■ **INSTRUCTIONS TO FOLLOW**:
Any images in the material are to be dropped while every line is retyped exactly.

■ **DATA EXCERPT**:

* * *

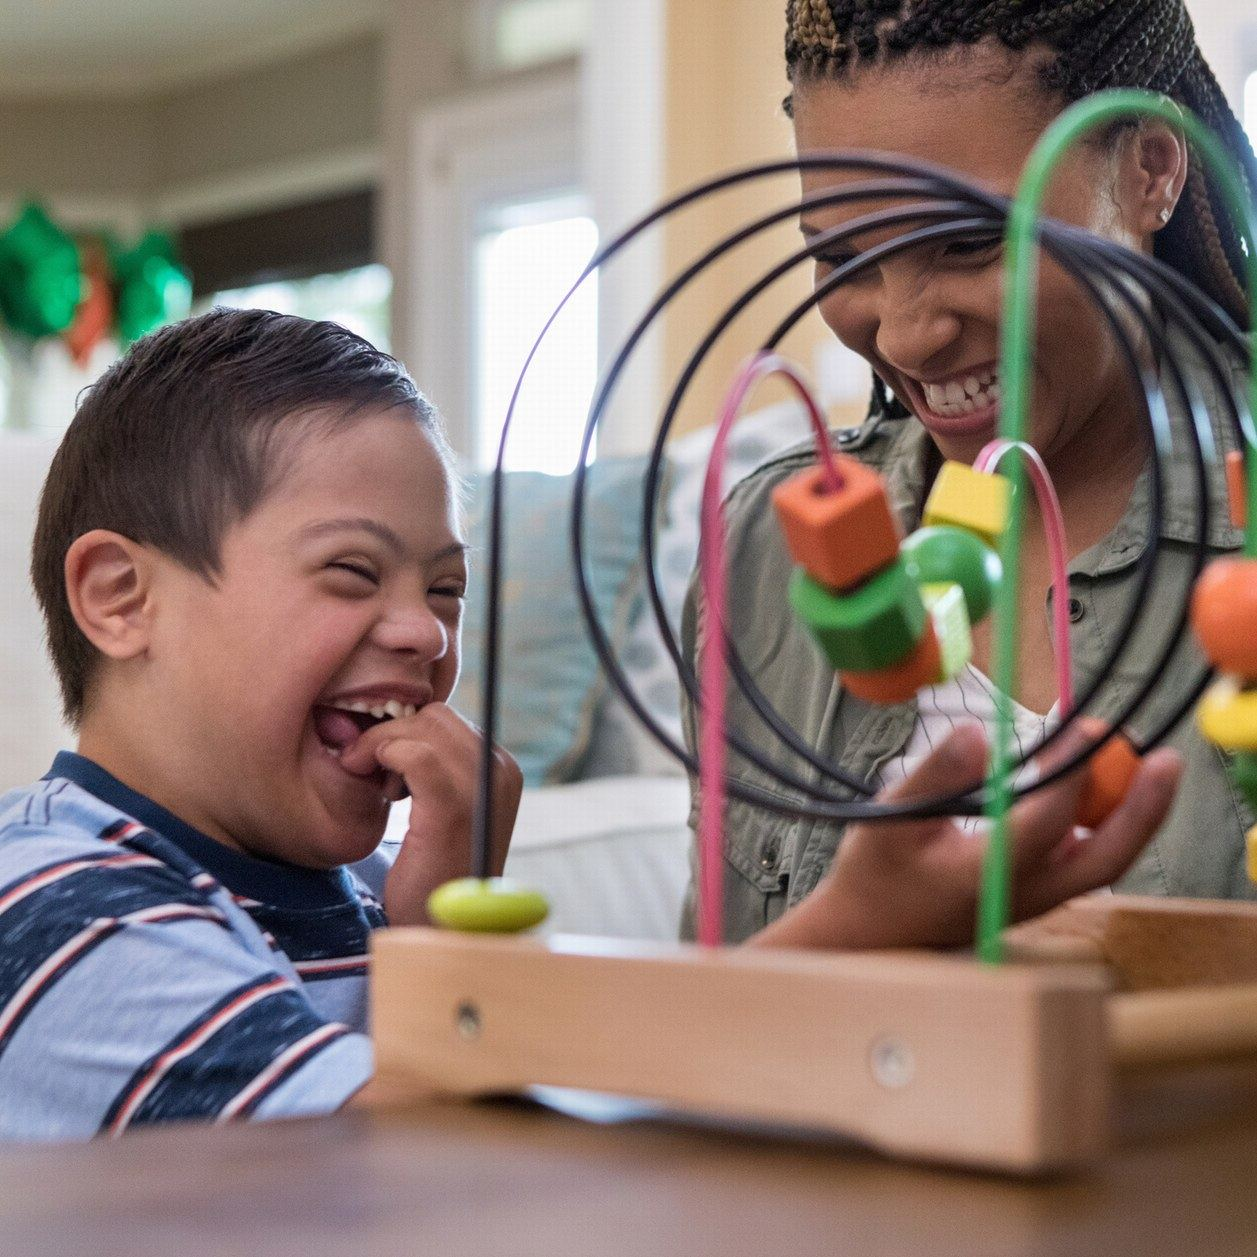 Une maman invente une machine pour permettre à son fils handicapé de jouer
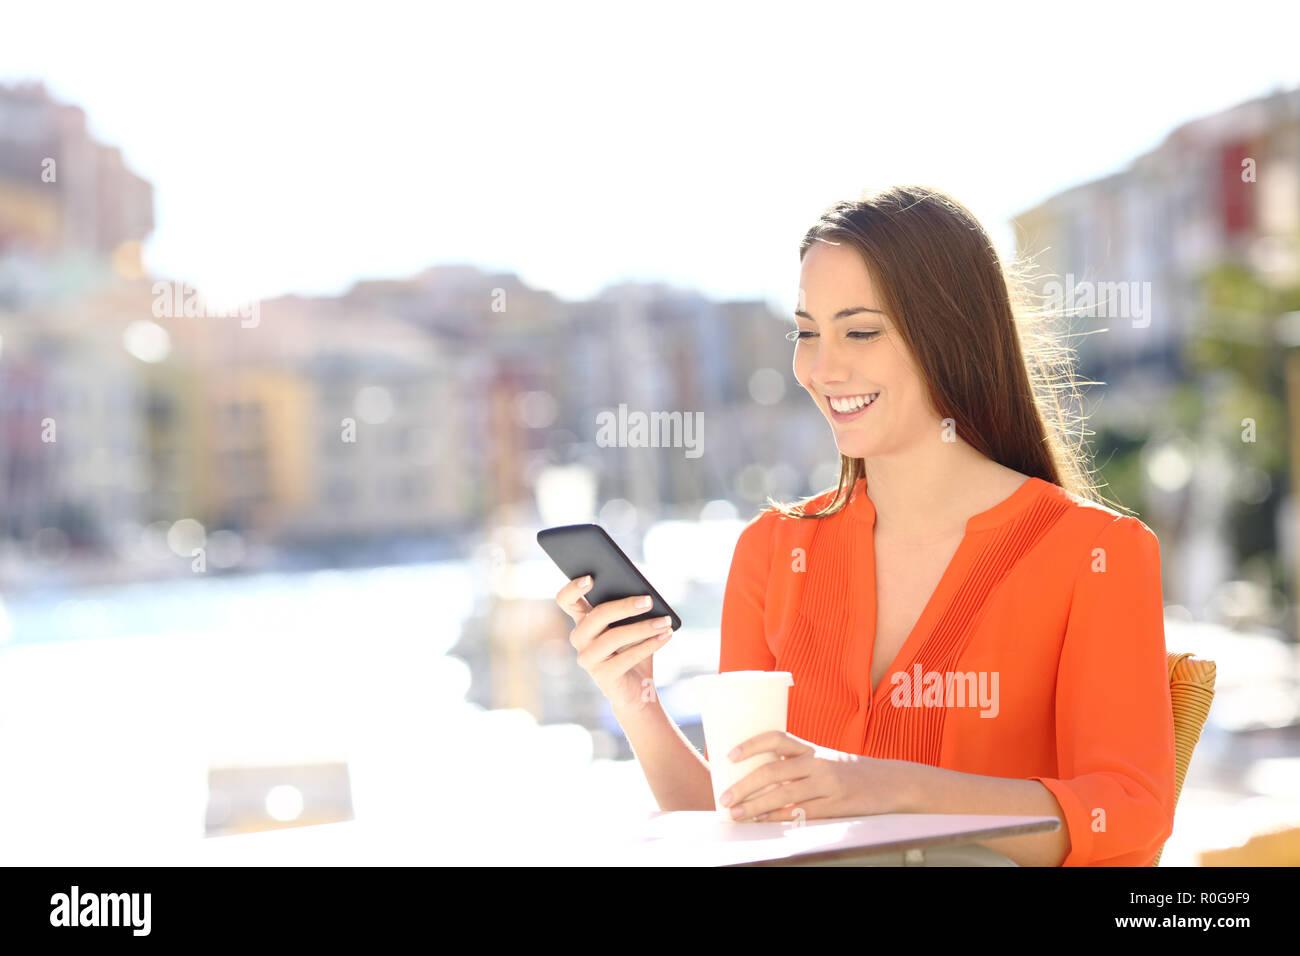 Felice lady utilizza un telefono intelligente in un caffè di una città costiera in vacanza Immagini Stock
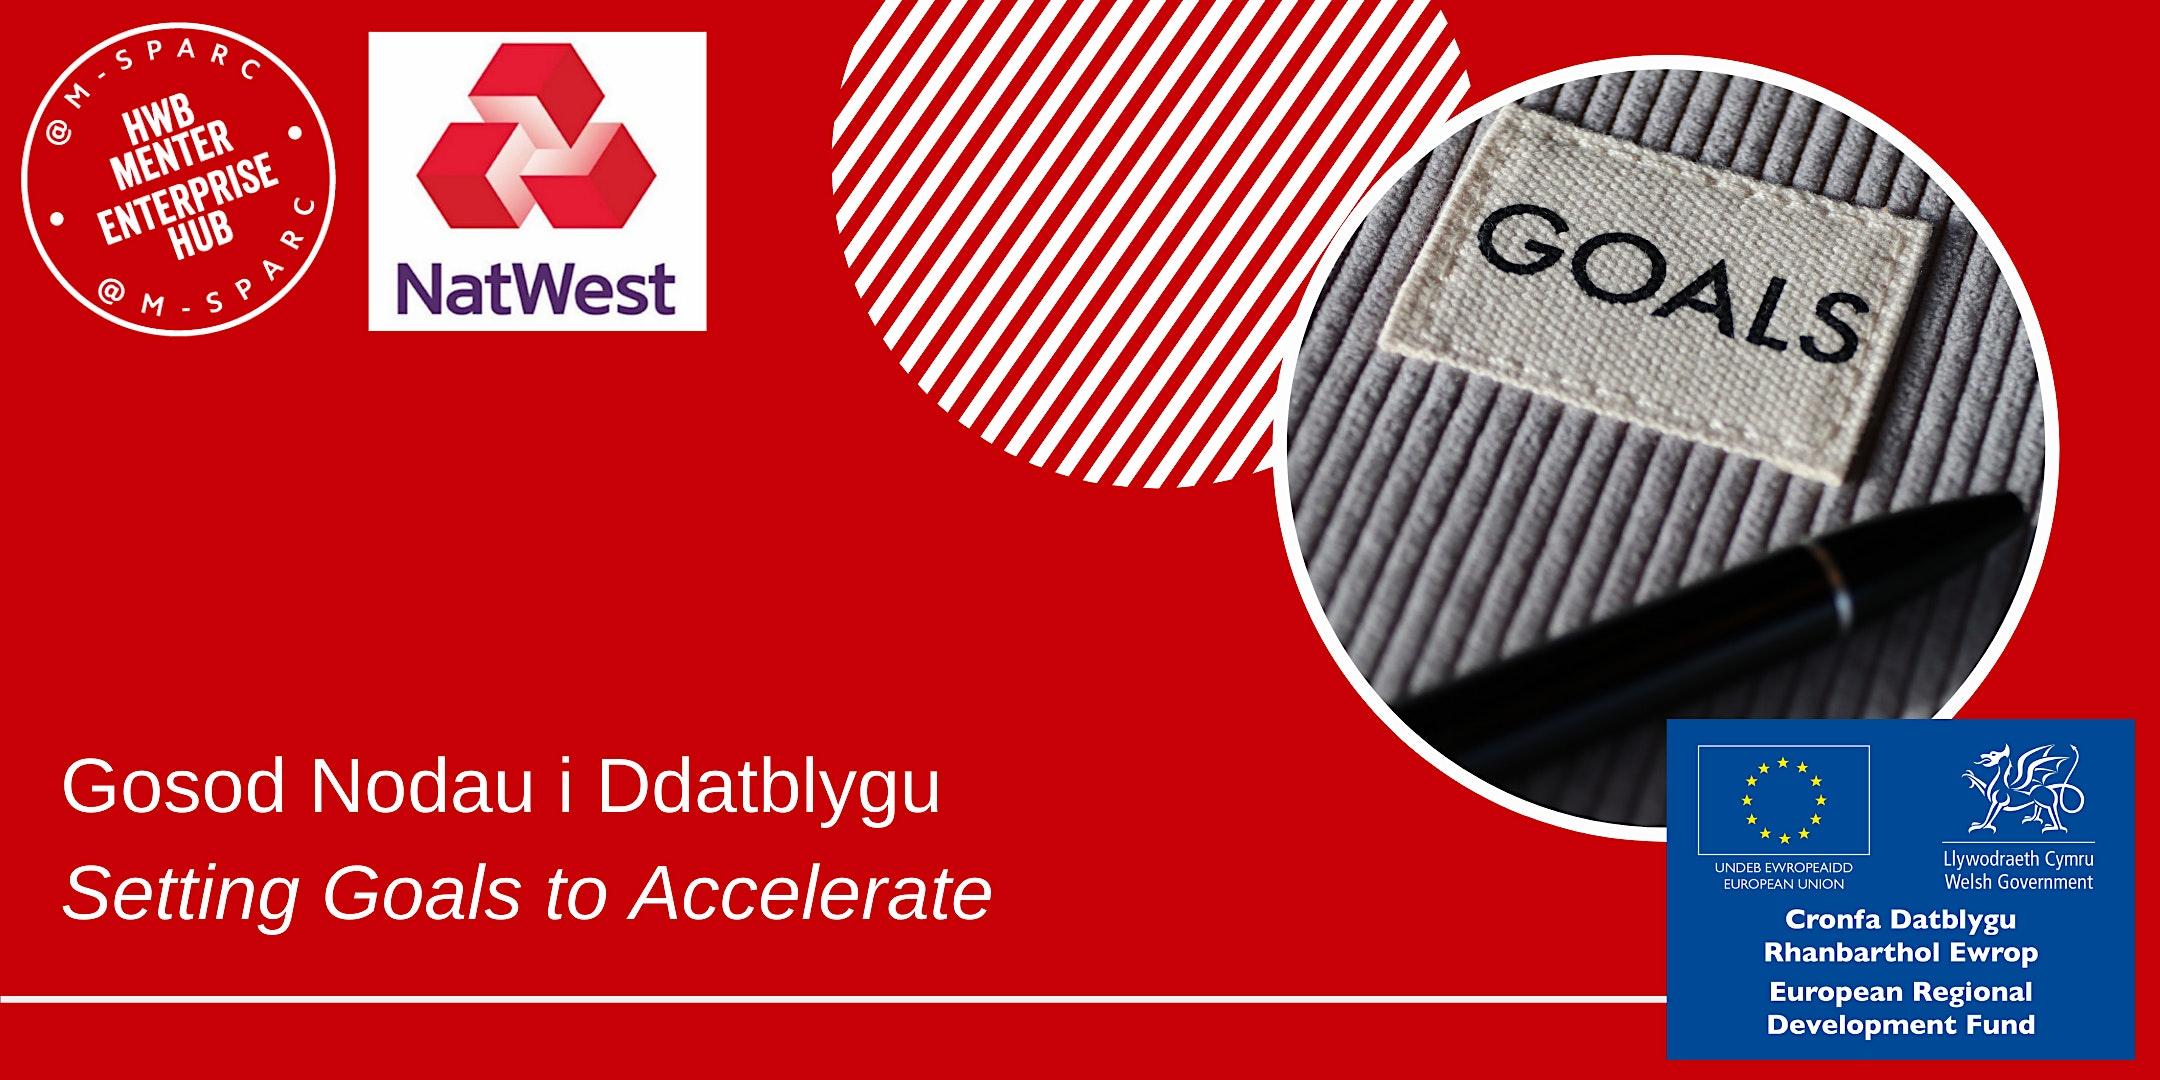 ONLINE - Gosod Nodau i Ddatblygu / Setting Goals to Accelerate

* * *

■ **SOLUTION TO THIS EXERCISE**:
 Une maman invente une machine pour permettre à son fils handicapé de jouer
 Felice lady utilizza un telefono intelligente in un caffè di una città costiera in vacanza Immagini Stock
 ONLINE - Gosod Nodau i Ddatblygu / Setting Goals to Accelerate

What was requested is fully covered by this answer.